Outlook—"Looking ahead, we see no seasonal slowing in the third quarter,” said Hassey. “Demand from our key markets, namely aerospace and defense, chemical process industry, oil and gas, electrical energy, and medical, remains very strong for our high performance metals and flat-rolled products. Recent price increases for our flat-rolled stainless products are further evidence of the continued strength in the markets for these products."

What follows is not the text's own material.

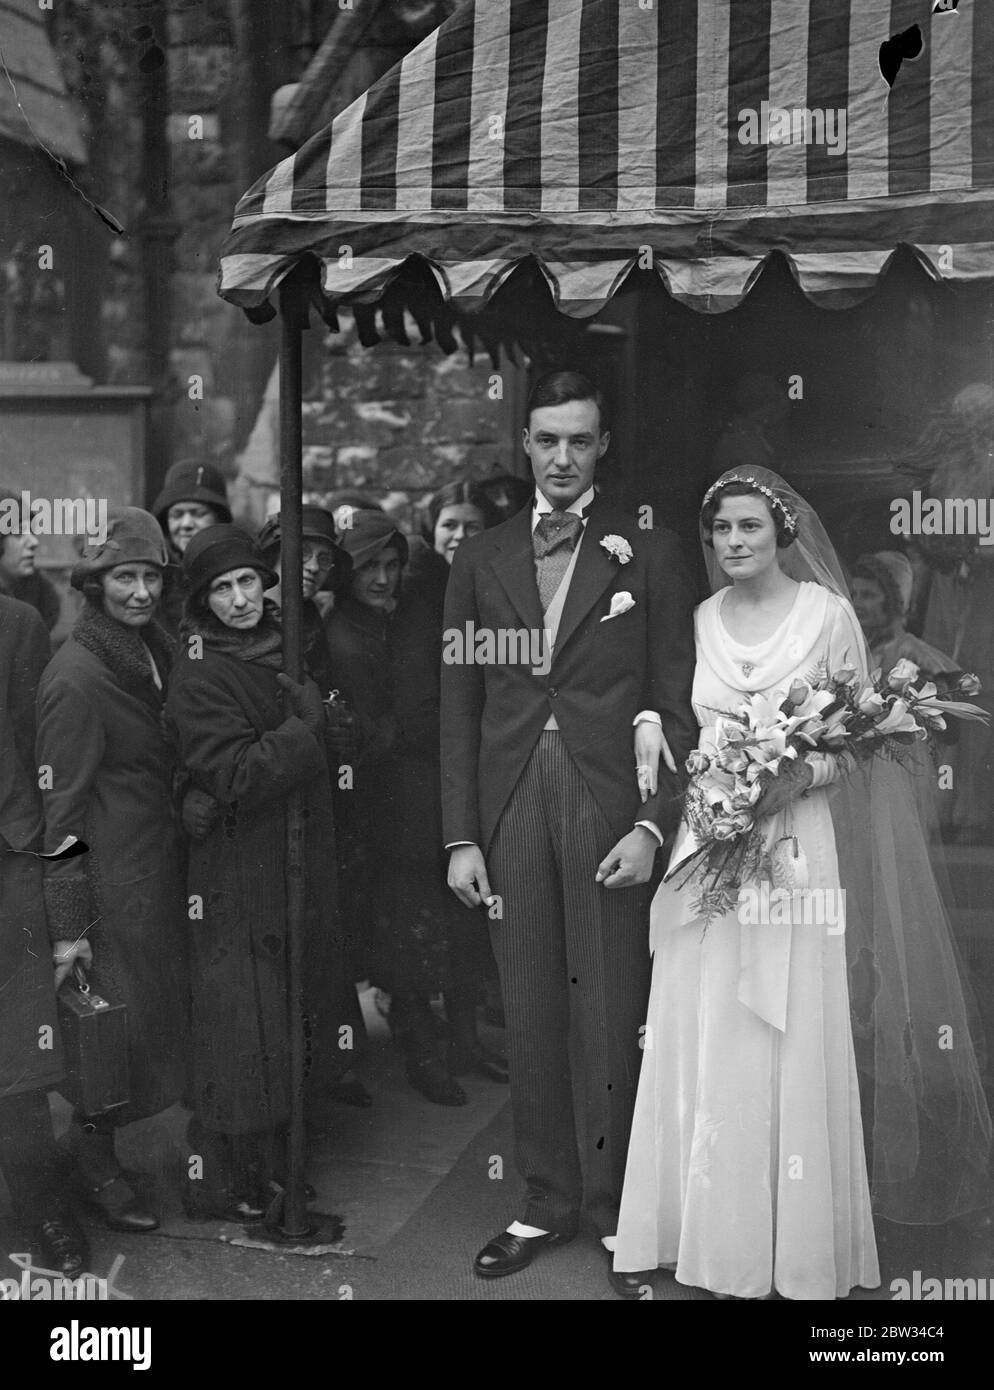 Old fashioned posing for society wedding . The bridesmaids all carried old fashioned posies and the smallest bridesmaids wore a bonnet and cape at the wedding of Miss Prudence Maxwell Lyte to Mr John Newman McClean which took place at St Peter ' s church , Cranley Gardens , London . The bride and groom leaving the church after the ceremony . 19 April 1932 . Stock Photo
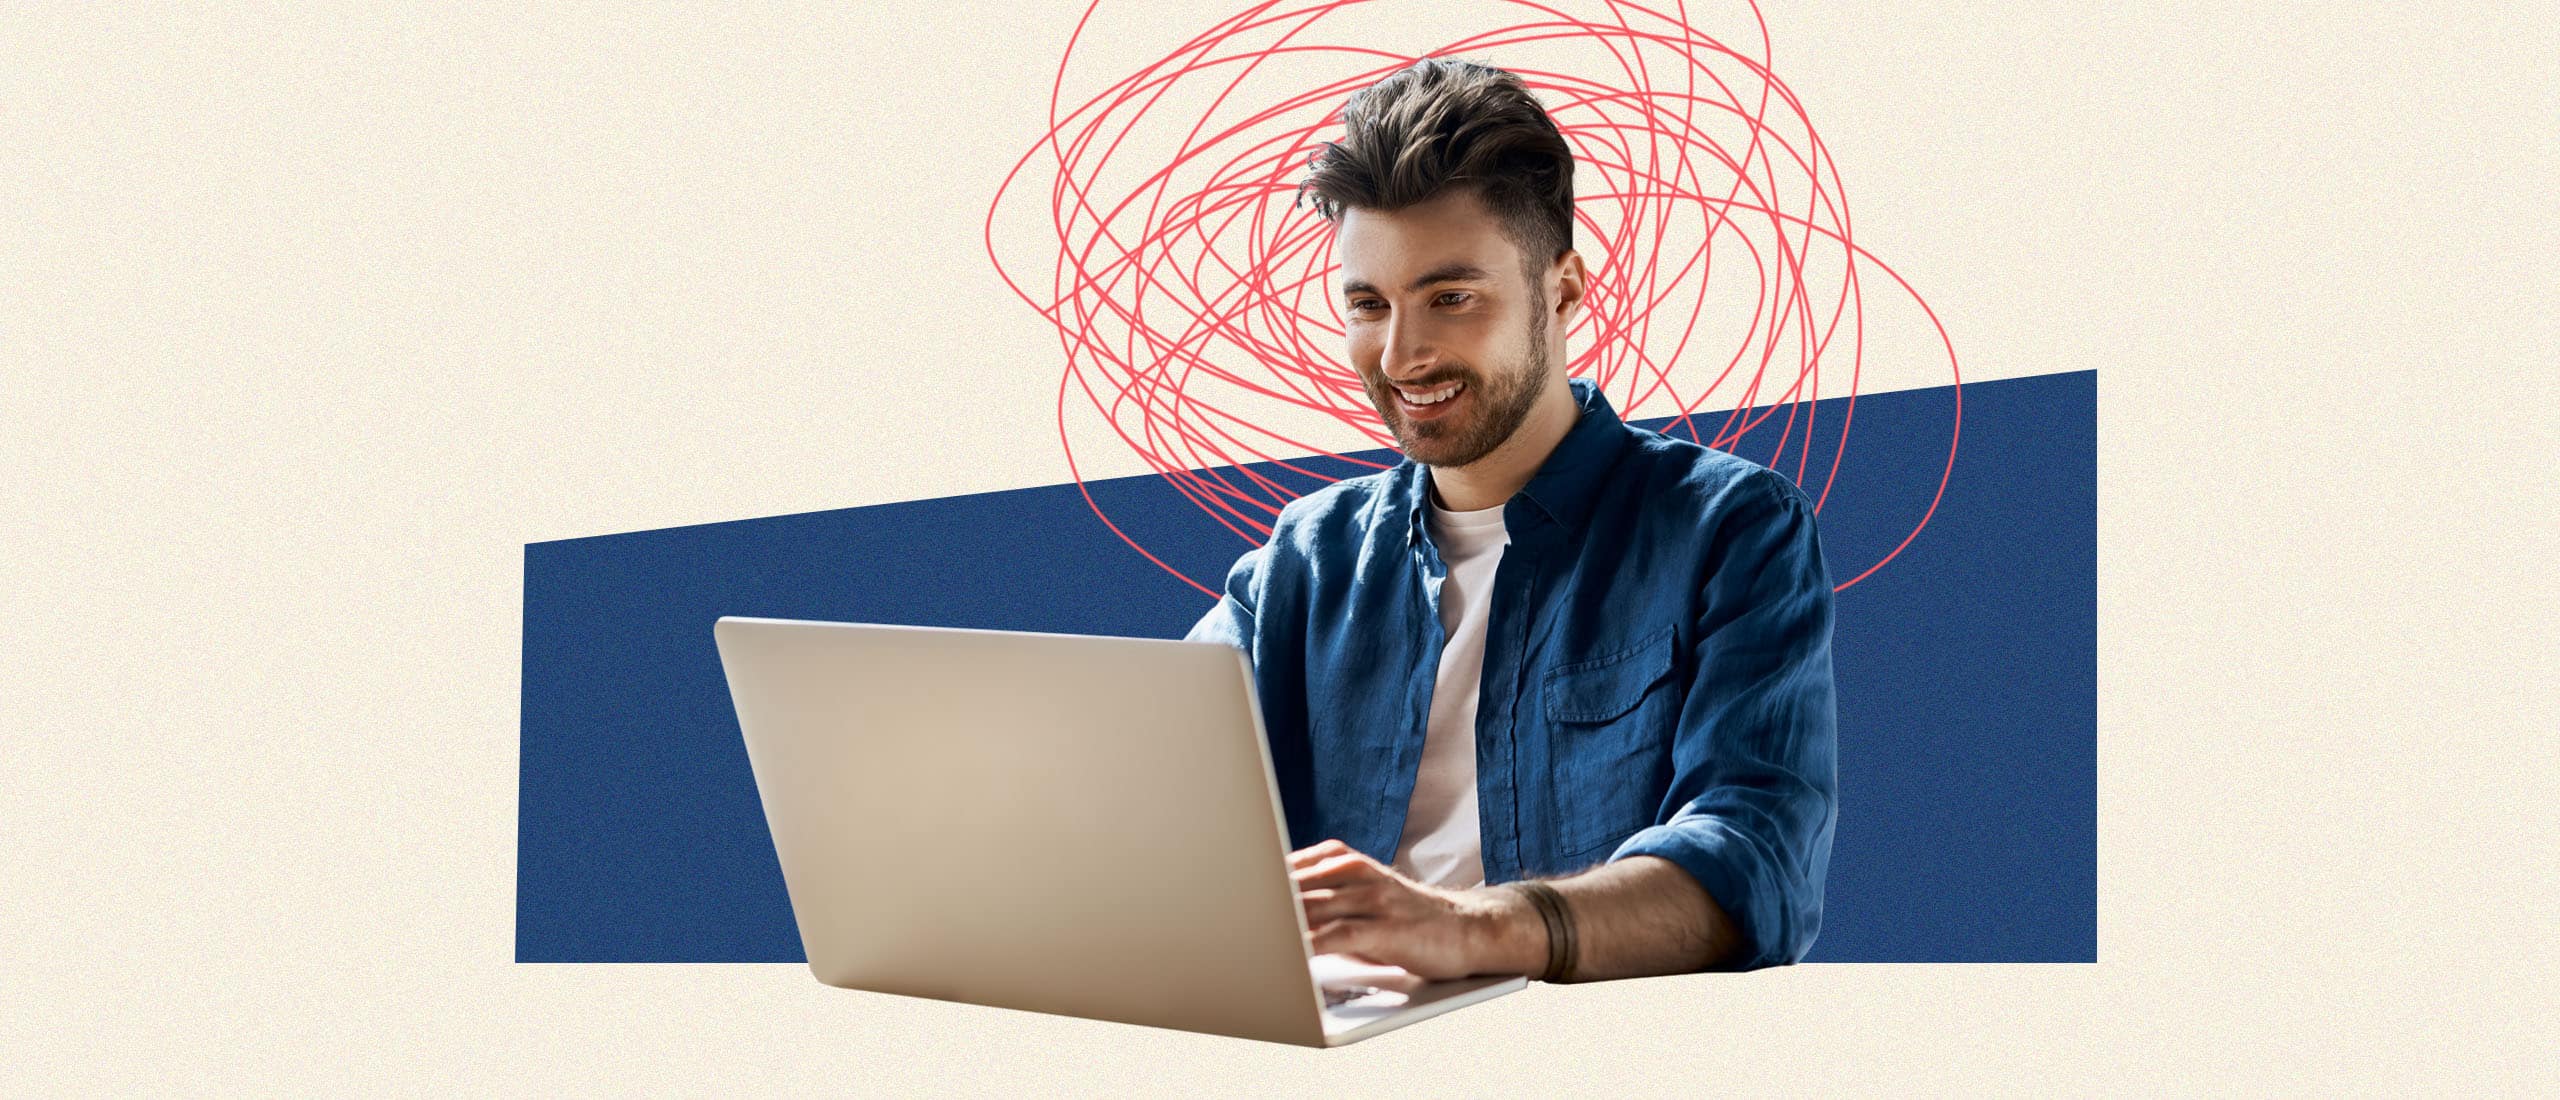 Man smiling at computer with red scribble behind head

Allegheny Technologies is one of the largest and most diversified specialty metals producers in the world with revenues of $4.0 billion during the most recent four quarters ending June 30, 2006. ATI has approximately 9,300 full-time employees world-wide. Products include titanium and titanium alloys, nickel-based alloys and superalloys, stainless and specialty steels, zirconium, hafnium, and niobium, tungsten materials, grain-oriented silicon electrical steel and tool steels, and forgings and castings.